■ **TASK INSTRUCTIONS**
Every line of the material is to be returned verbatim. Pictures stay out.

■ **EXERCISE DATA**

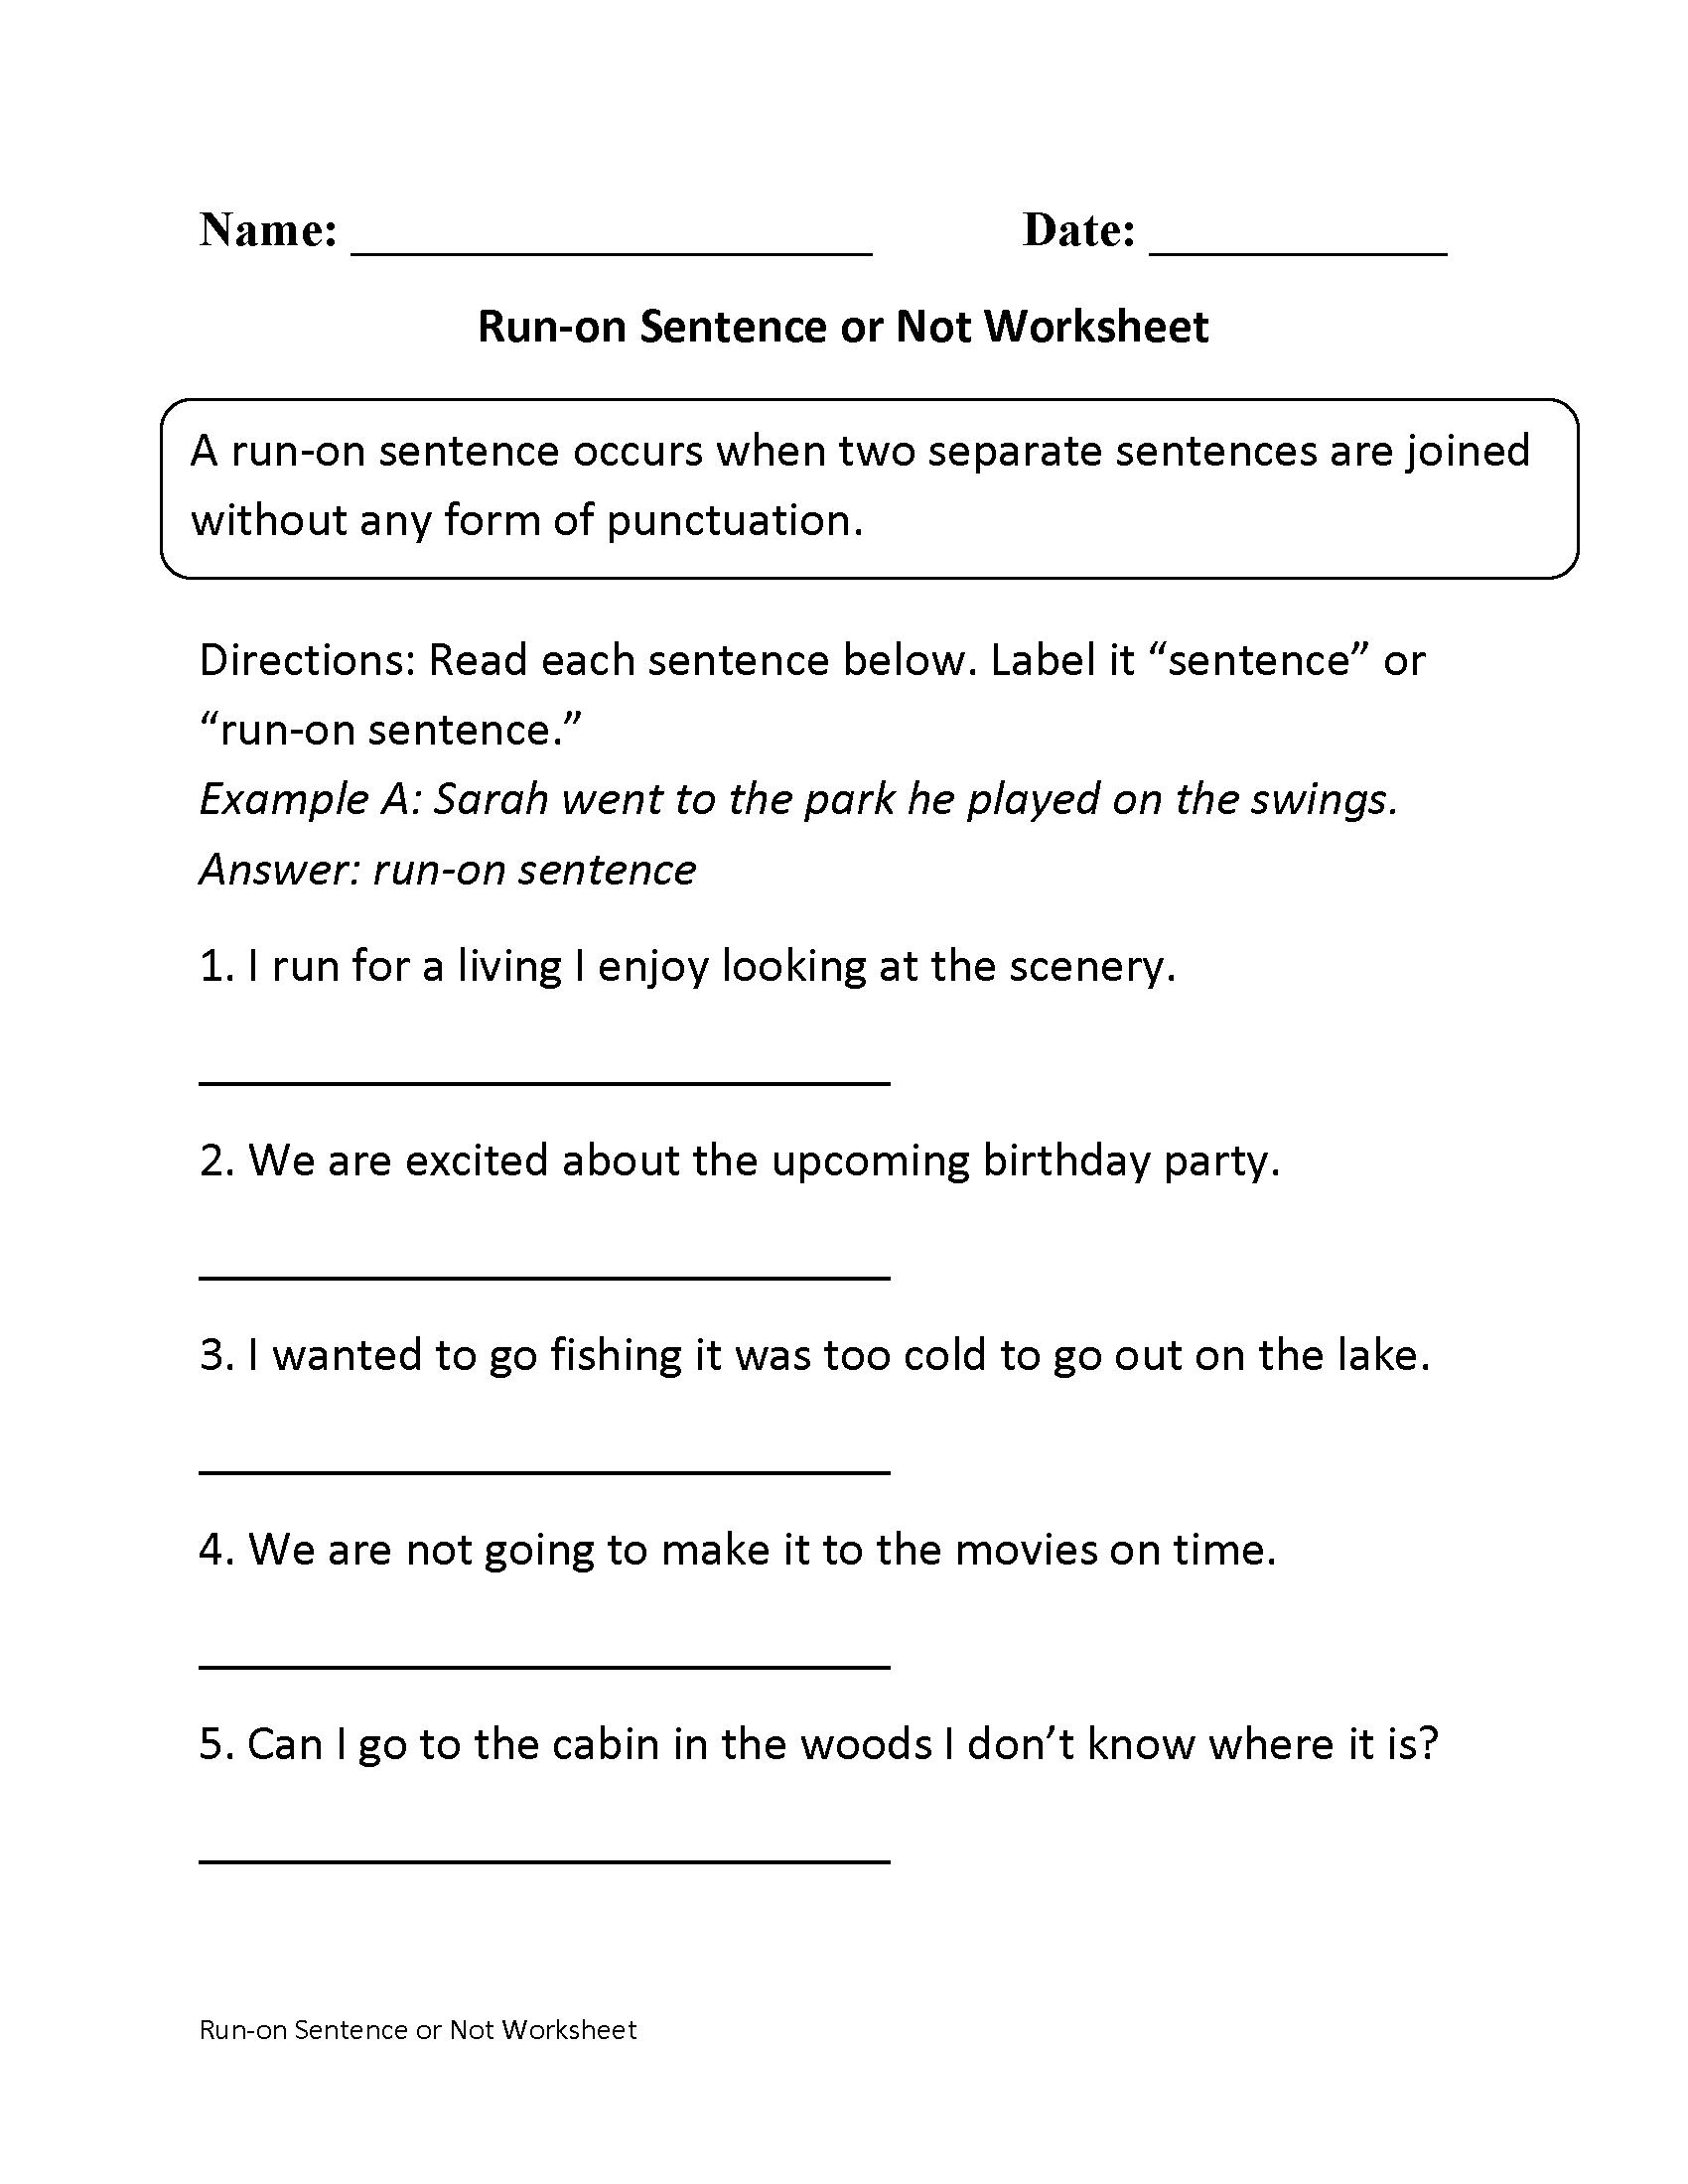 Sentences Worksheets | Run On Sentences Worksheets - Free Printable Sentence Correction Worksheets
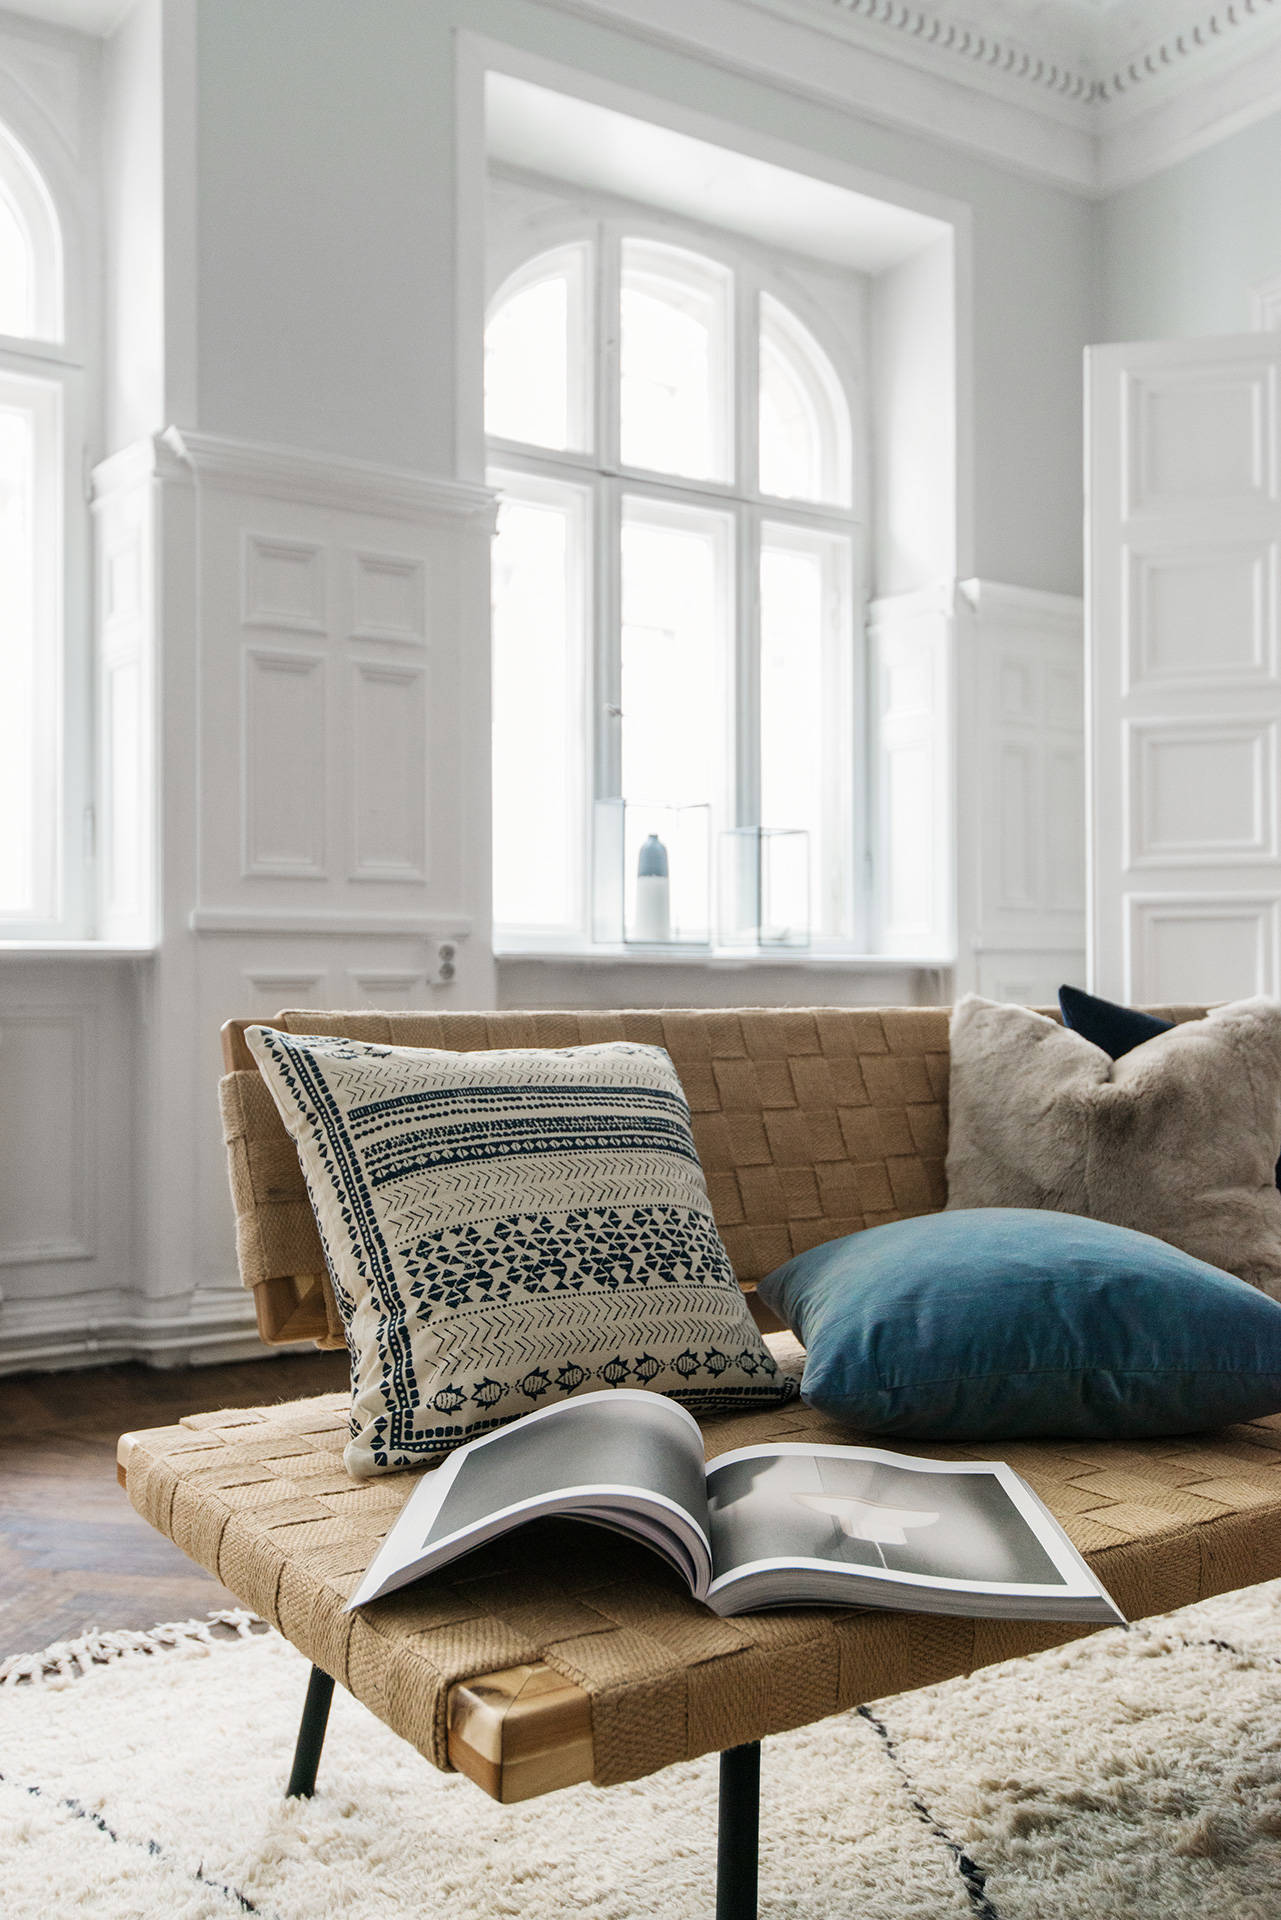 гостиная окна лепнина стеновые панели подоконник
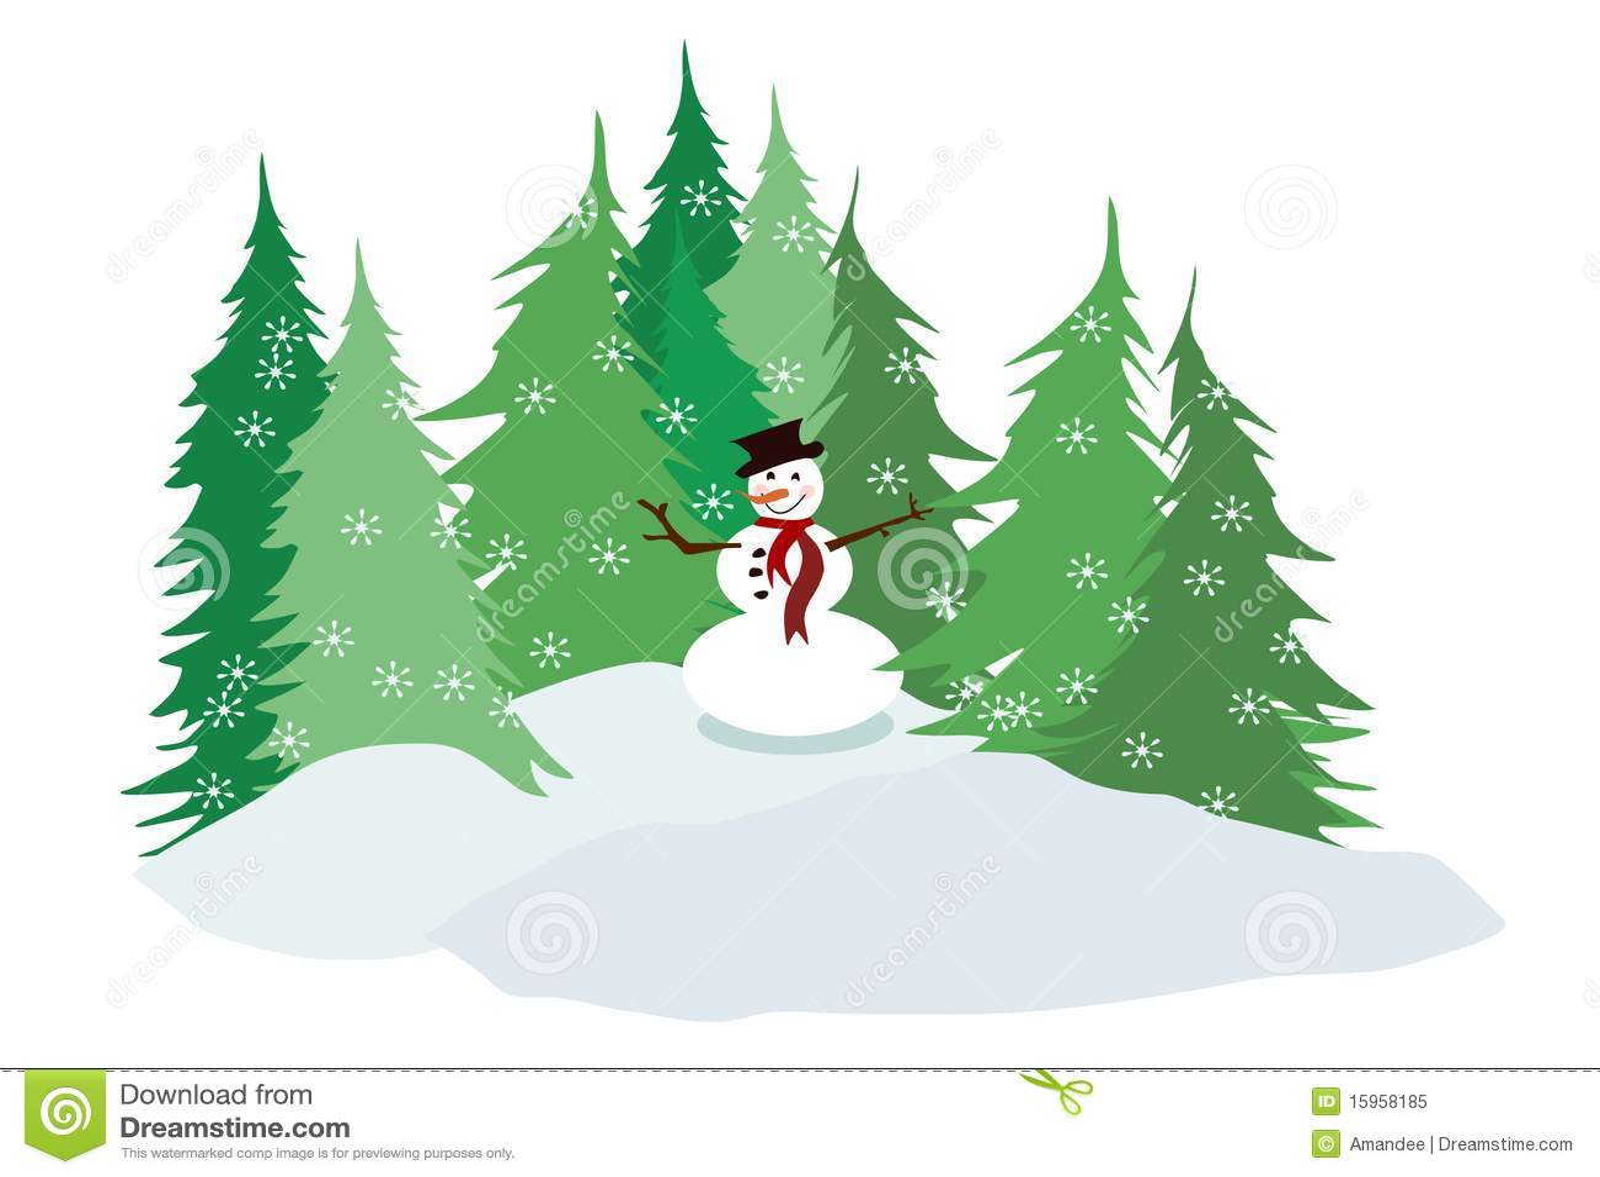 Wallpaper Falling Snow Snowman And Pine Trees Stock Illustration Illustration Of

■ **ANSWER SECTION**
 Sentences Worksheets | Run On Sentences Worksheets - Free Printable Sentence Correction Worksheets
 гостиная окна лепнина стеновые панели подоконник
 Wallpaper Falling Snow Snowman And Pine Trees Stock Illustration Illustration Of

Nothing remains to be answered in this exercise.